I’ve been isolating at home for a few days now. Not the type of isolation we became acquainted with during the days Of COVID, but an isolation borne out of living in an expensive city, and having little to no money in my bank account(s).
One might think such a situation could be a blessing of sorts, to someone who looks for time and space to work creatively, and it could be turned into a period of productivity. I often have that thought. Unfortunately, that thought tends to arrive as a judgement, rather than a plan for the future. That is, having sat at home, and done little more than watch some films, scroll on my phone, and feed myself – I’m exaggerating, I did also go to the gym yesterday, and the pottery the day before – I look at the time that has passed and say to myself, why have you not made use of this time, to write or make a film? You should have!
So my isolation has not been particularly productive. Which brings me onto my question: Why am I not productive in this isolation? And my answer: Because, naturally, in such an isolation, I’m preoccupied with anxiety and a fear of having no money.
Sometimes my work, as an assistant director, affords me time off. I can work a three day week and that will be plenty to keep me afloat. However, sometimes the work is not available to me, but I cannot afford not to work, and in that situation, the “time off” is time off from work, but in lieu of those 40 hours of ADing, I am doing countless more worrying, distracting myself with trips to the pottery or gym, or in front of a screen scrolling or watching.

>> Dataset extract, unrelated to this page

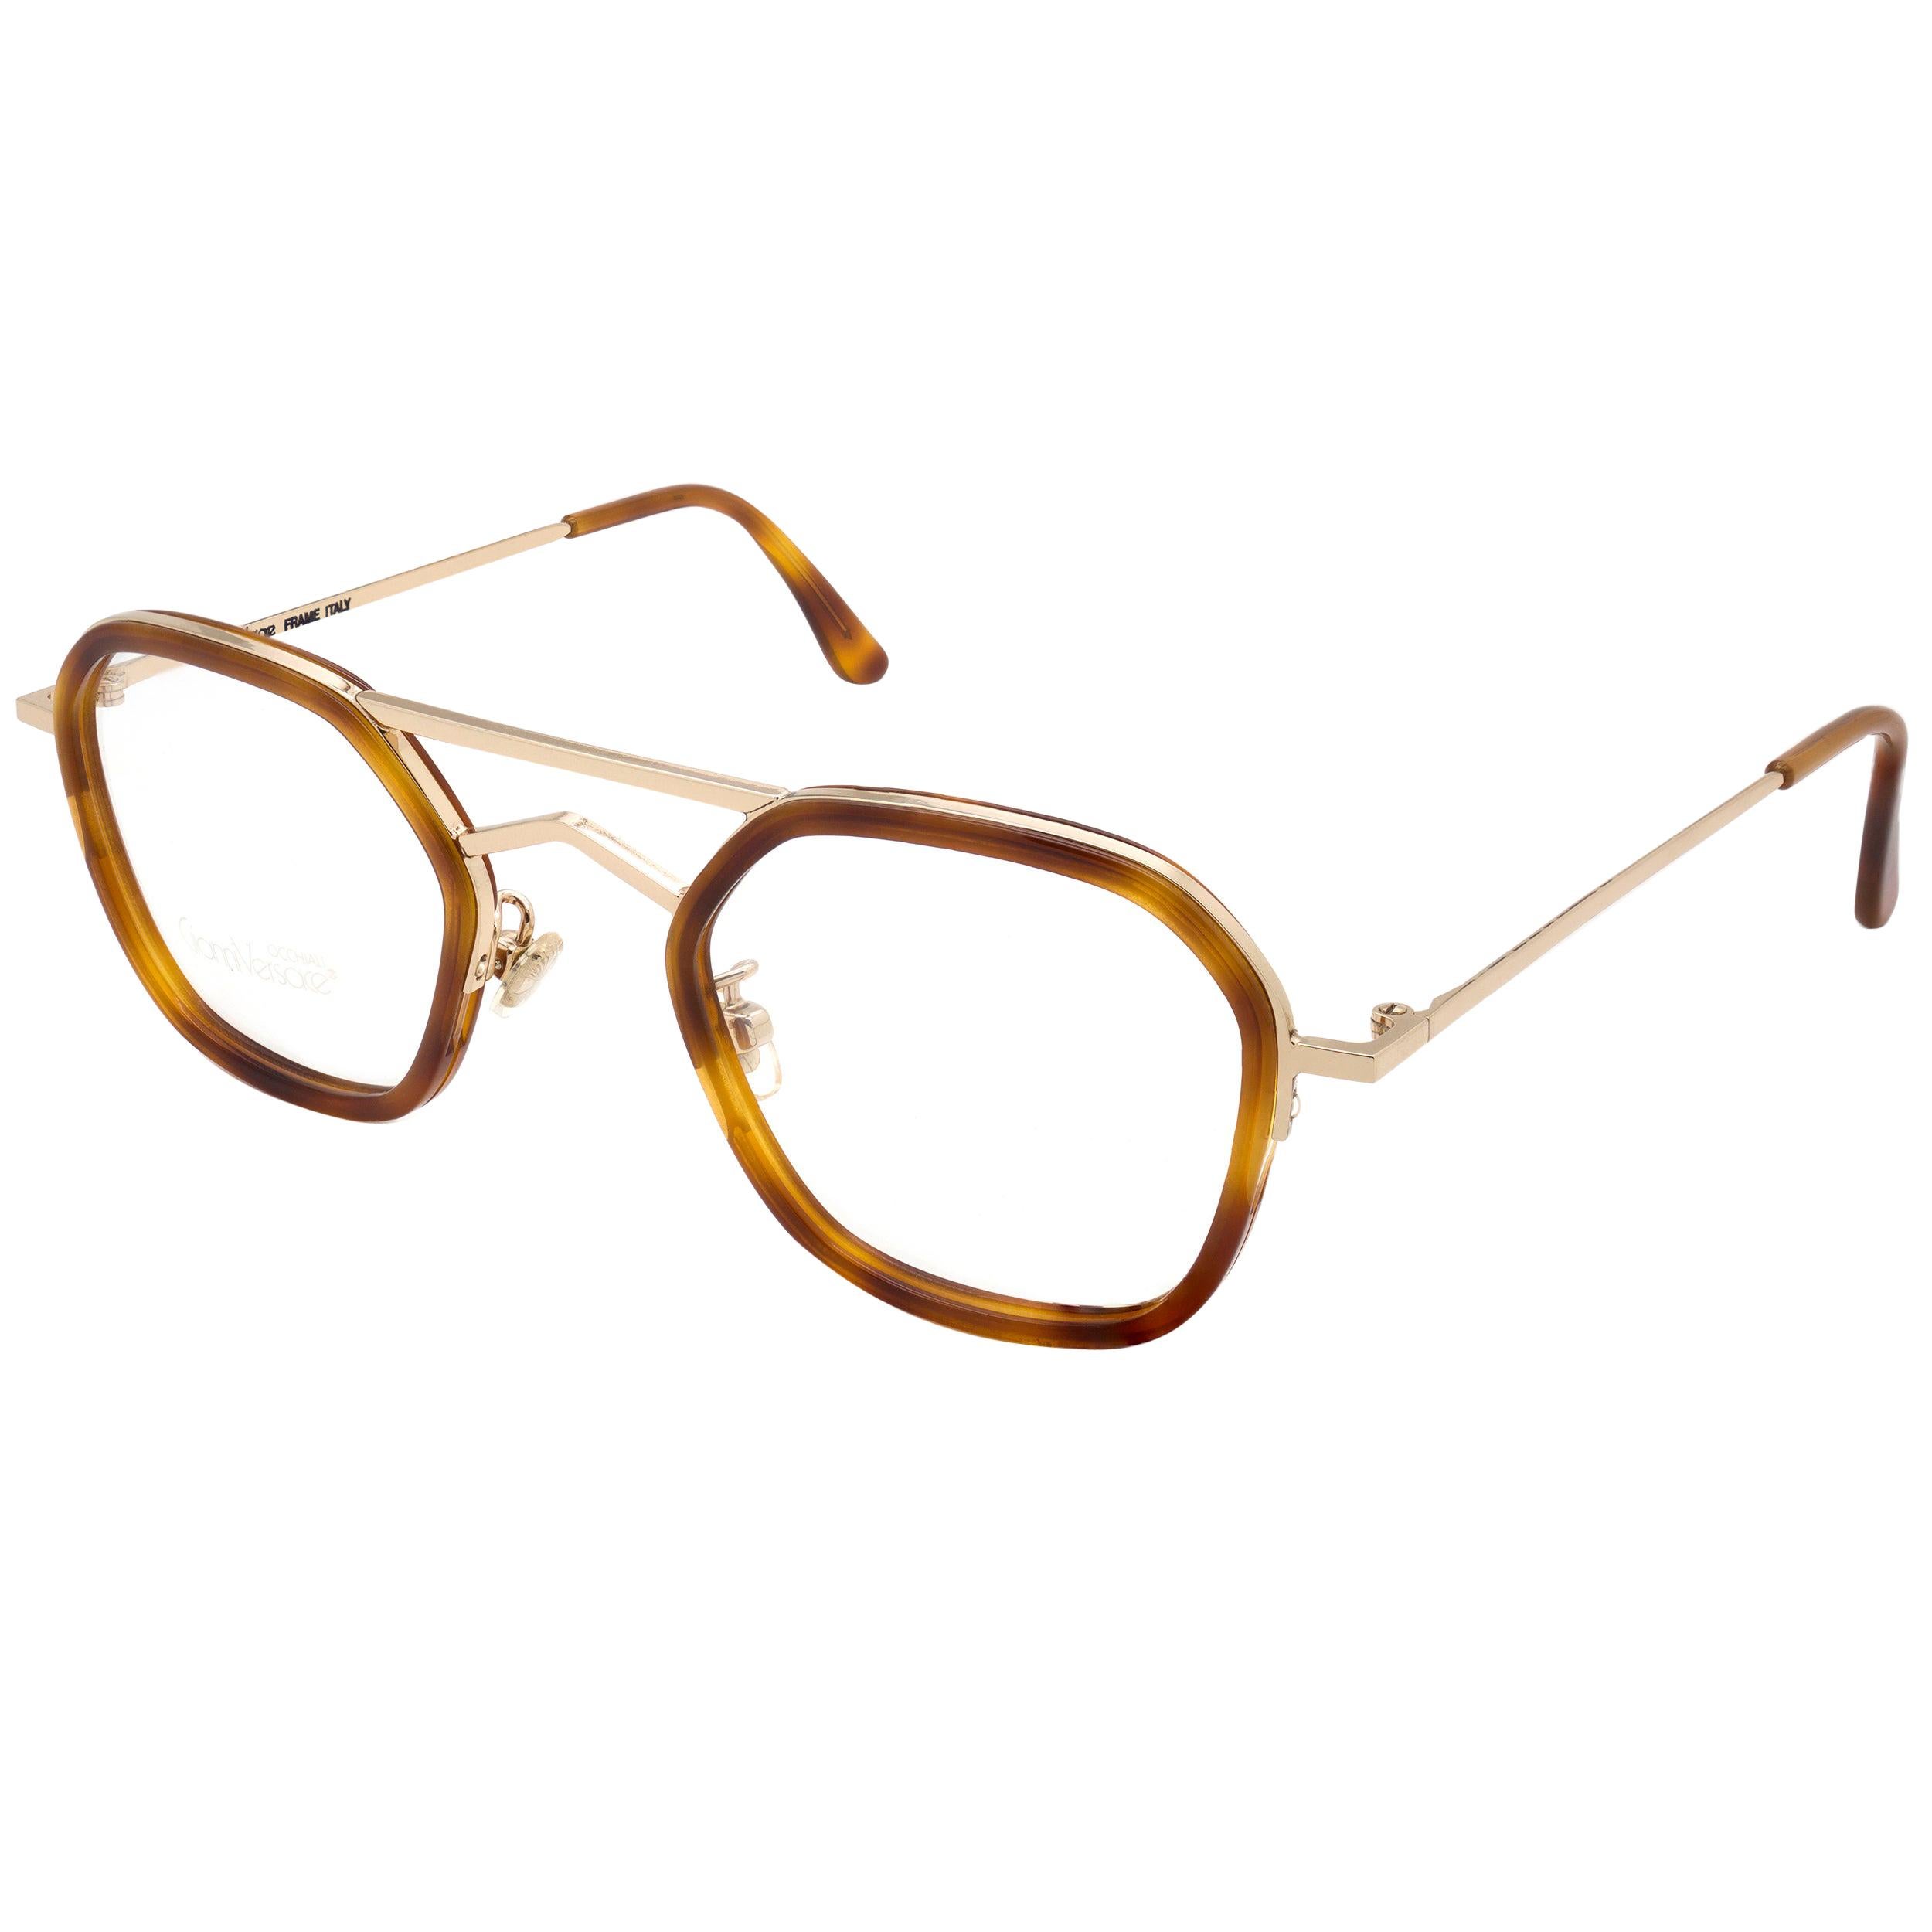 Gianni Versace vintage glasses frame For Sale

Now, there is a type of solution that someone might offer, that I would summarise as: Be More Disciplined. Although it may also come in the form of: If you can’t do anything about it, don’t worry about it. In other words: Look inside and find a way of being ok. And then there is another: Get Another Job or Find More Work; i.e. if you’re so worried about money do something about it! In other words look outside yourself, and find a way of being ok.
I periodically try out both pieces of advice, and yet I consistently find myself in the middle of the two, a rabbit in the headlights, fearful of my financial demise, and unable to move myself sufficiently to do anything about it. Worried about my lack of funds, trying to find more assistant directing, maybe looking for another job too, and also trying to make films, or do a bit of writing, as I am doing here. But in between those things, most of the time, I just wait. Distract myself and wait. And wait. Until an invoice comes in. Until I feed myself with a bit of creativity. Then soon enough I’ll wait again.
If I had money, consistently, would I be more able to write and make? Perhaps, perhaps not, but I would be more relaxed and calm, and probably able to rest when I should, and focus at other times too.